The proposed transaction is expected to close in the second quarter of 2014.
Laurent Morel, Chairman of Klépierre's Executive Board, commented: "Once finalized, the proposed transaction would represent a significant milestone in the strategic realignment of Klépierre as a leading retail property pure player, operating one of the most effective and best performing shopping center platforms across Europe. The reshaping of our portfolio resulting from the planned disposal of these galleries would accelerate our ambition to address the challenges of the evolving retail environment more effectively. This will also allow us to better leverage our retail asset management expertise. Lastly, the proposed transaction, which would have a minimal impact on net current cash-flow, would release significant financial capacity to fund future growth through the development of our quality pipeline and selective opportunistic acquisitions."
Accelerating Klépierre's strategic portfolio reshaping
The transaction would effectively and significantly rebalance Klépierre's shopping centers portfolio in favor of Klépierre's key strategic regions.
- In France, 94%[2] of the post-transaction portfolio would be located in Klépierre's identified core regions (Ile de France, Toulouse-Montpellier, Lyon and Bordeaux).
- In Italy, Klépierre would strengthen its focus on Northern Italy (Lombardy, Emilia-Romagna) and Rome (Latium), which together would then account for approximately 85%2 of the Italian segment of the portfolio.
- In Spain, two regional malls, located in Madrid (La Gavia) and Tenerife (Meridiano), would account for 80%2 of the total value of Spanish shopping center assets.
As a result of the transaction, Klépierre would be operating a more cohesive shopping centers portfolio of 129 assets (compared with 256 currently). This in turn would allow Klépierre to intensify its focus on the assets where its expertise is best leveraged and those that offer the most suitable format for flagship retailers.
Significant deleveraging
The transaction is expected to result in net cash proceeds to Klépierre of €1.54 billion (group share).
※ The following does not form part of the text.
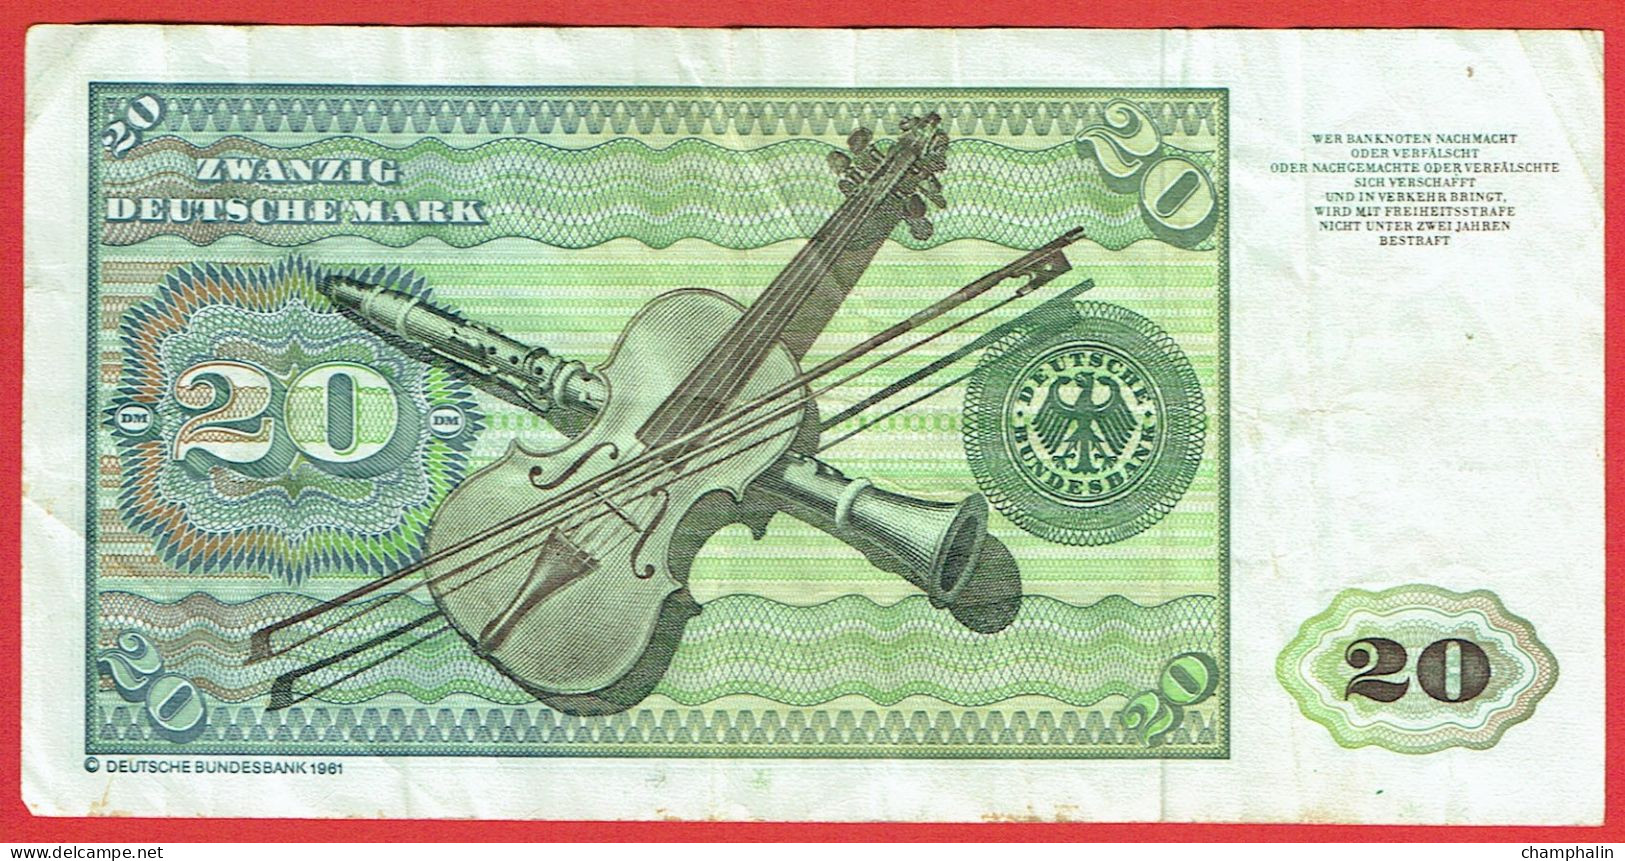 Allemagne - Billet De 20 Deutsche Mark - Elsbeth Tucher - 2 Janvier 1980 - P32d - 20 DM

Initially, net proceeds would be applied to repay €1.3 billion of existing credit facilities falling due in 2014 and to fund the restructuring of its current hedging portfolio to optimize Klépierre's financing costs.
The transaction would significantly enhance Klépierre's credit profile, reducing of the Group's LTV below 40%, its cost of debt to below 3.2%, and would bring its ICR to above 3.5x[3], and lengthen its debt maturity to 5.5 years. Proforma, Klépierre's credit would be positioned among the strongest for property companies globally.
Paving the way for future growth
The transaction would also enable Klépierre to allocate more capital to its €2.3 billion development pipeline of projects concentrated in dynamic and growing regions across Europe, mostly in France and Scandinavia. The Group would also be in a position to seize potential selective acquisition opportunities, such as the acquisition of Icade's 50% stake in the Odysseum shopping center in Montpellier announced earlier in December.
Klépierre expects that the loss of an estimated annual net rental income of €102[4] million on a group share basis would be mostly offset by interest savings from deleveraging and restructuring the hedging portfolio. As a result, Klépierre expects its net current cash flow not to be below €2.0[5] per share for 2014, assuming this transaction is completed as planned.
The transaction would have a limited impact on NAV of minus €0.75 per share. Klépierre does not expect to change its dividend policy as a result of the proposed transaction.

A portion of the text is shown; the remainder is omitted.